1935年7月25日—8月20日,共产国际在莫斯科召开第七次代表大会并通过决议,号召各国人民建立反帝、反法西斯的国际统一战线。中共驻共产国际代表团参加了第七次代表大会,并根据国内形势和大会精神,起草了《为抗日救国告全体同胞书》(“八一宣言”)。12月下旬,长征胜利到达陕北后的中共中央政治局在瓦窑堡召开会议,确立了要建立最广泛的抗日民族统一战线的策略方针。会后,毛泽东根据中央会议,在党的活动分子会议上作了《论反对日本帝国主义的策略》的报告,充分说明在抗日的条件下和民族资产阶级重新建立统一战线的可能性,指出共产党在这个统一战线中的领导作用和中国革命的长期性。报告还回顾并总结了九一八以来共产党和全国人民、爱国民主人士所进行的抗日救亡运动,批评了党内存在的“左”倾关门主义的错误。这实际上也充分肯定了以宋庆龄等为代表的国民党左派几年来坚持与共产党的合作的抗日立场。“左”倾关门主义的错误受到批判,扫除了前进道路上的障碍,从此,宋庆龄与共产党的关系开始进入亲密合作的新时期。

1936年5月31日,全国各界救国会秘密举行成立大会,全国20多个省市60多个救国团体代表50多人出席了会议。此后,以全国各界救国会为中心,配合上海地下党掀起更加高涨的抗日救亡运动。宋庆龄虽因病未能参加,但她一直关心大会的筹备和召开,并被选为执行委员,她满怀热忱地支持救国会的工作,是救国会的中流砥柱。

宋庆龄等救国会领导人的活动,引起了蒋介石统治集团的恐慌,他们惧怕以救国会为中心所发动的全国抗日救亡运动危及自己的统治,竟冒天下之大不韪,在1936年11月22日深夜,秘密逮捕了救国会常务委员沈钧儒、章乃器、王造时、邹韬奋、李公朴、沙千里和史良7人,制造了震惊中外的“七君子”事件。沈钧儒等被捕后,宋庆龄立即领导救国会采取一系列措施进行营救。她和何香凝发起和领导了中国历史上罕见的“救国入狱运动”,使“爱国有理”、“救国无罪”的群众怒吼,震撼神州,全国各界纷纷响应,踊跃参加入狱运动。1937年7月5日,因国民党仍迟迟不释放“七君子”,宋庆龄等12人遵照诺言决定赴苏州自请入狱。到达苏州后,他们每人提一个装有换洗衣服、洗面用具的提箱下车,正义凛然地直奔江苏省高等法院。
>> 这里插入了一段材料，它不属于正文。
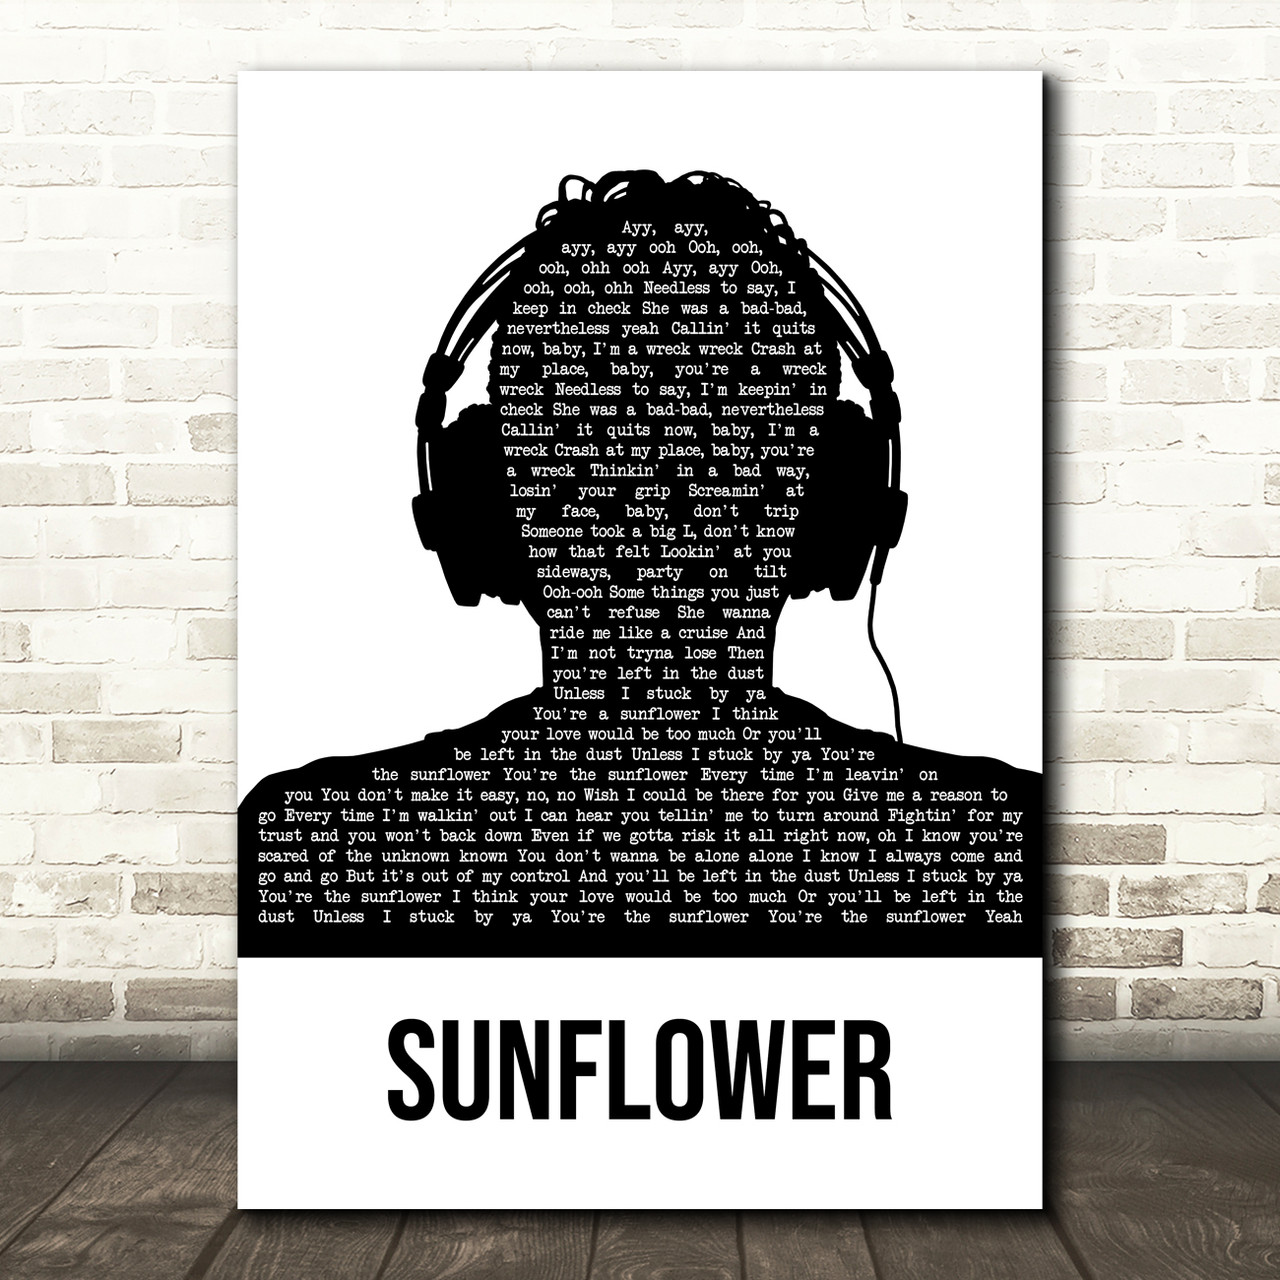 lyrics post malone sunflower

宋庆龄等人的行动当时就在苏州传开,大家都交口称赞宋庆龄的斗争精神。在宋庆龄等人坚决斗争和国内外进步舆论的压力下,7月31日,营救“七君子”的运动取得了完全胜利,七君子被无条件释放。宋庆龄领导的救国入狱运动,是抗战爆发前全国抗日救亡洪流中激起的一朵瑰丽的浪花,充分表现了她高超的斗争艺术和果敢的革命精神,成为中国人民革命斗争史上一段佳话。

Δ抗战功臣

1936年12月12日,东北军和西北军爱国将领张学良、杨虎城在西安举行兵谏,扣押了蒋介石,并通电全国,要求停止内战,一致抗日,史称“西安事变”。宋庆龄闻讯,对张、杨的主张极表赞同。当孔祥熙要求她发表声明谴责张、杨并要求无条件释放蒋介石时,她果断地回答说:“张学良做得对。要是我处在他的地位,我也会这样做,甚至还会走得更远!”1937年9月第二次国共合作实现后,宋庆龄欢欣鼓舞,无比激动,立即连续写出了《国共统一运动感言》等文章,表达自己对实现第二次国共合作由衷的高兴和愿望。与此同时,她对共产党更加敬仰和热爱。据李云回忆说:“记得1937年的一天,我们在谈工作,庆龄同志突然把声音放低了,轻轻地对我说:‘我算不算党员?’”党组织研究后,让李云回答她:“你同共产党员一样。”宋庆龄微笑着点点头。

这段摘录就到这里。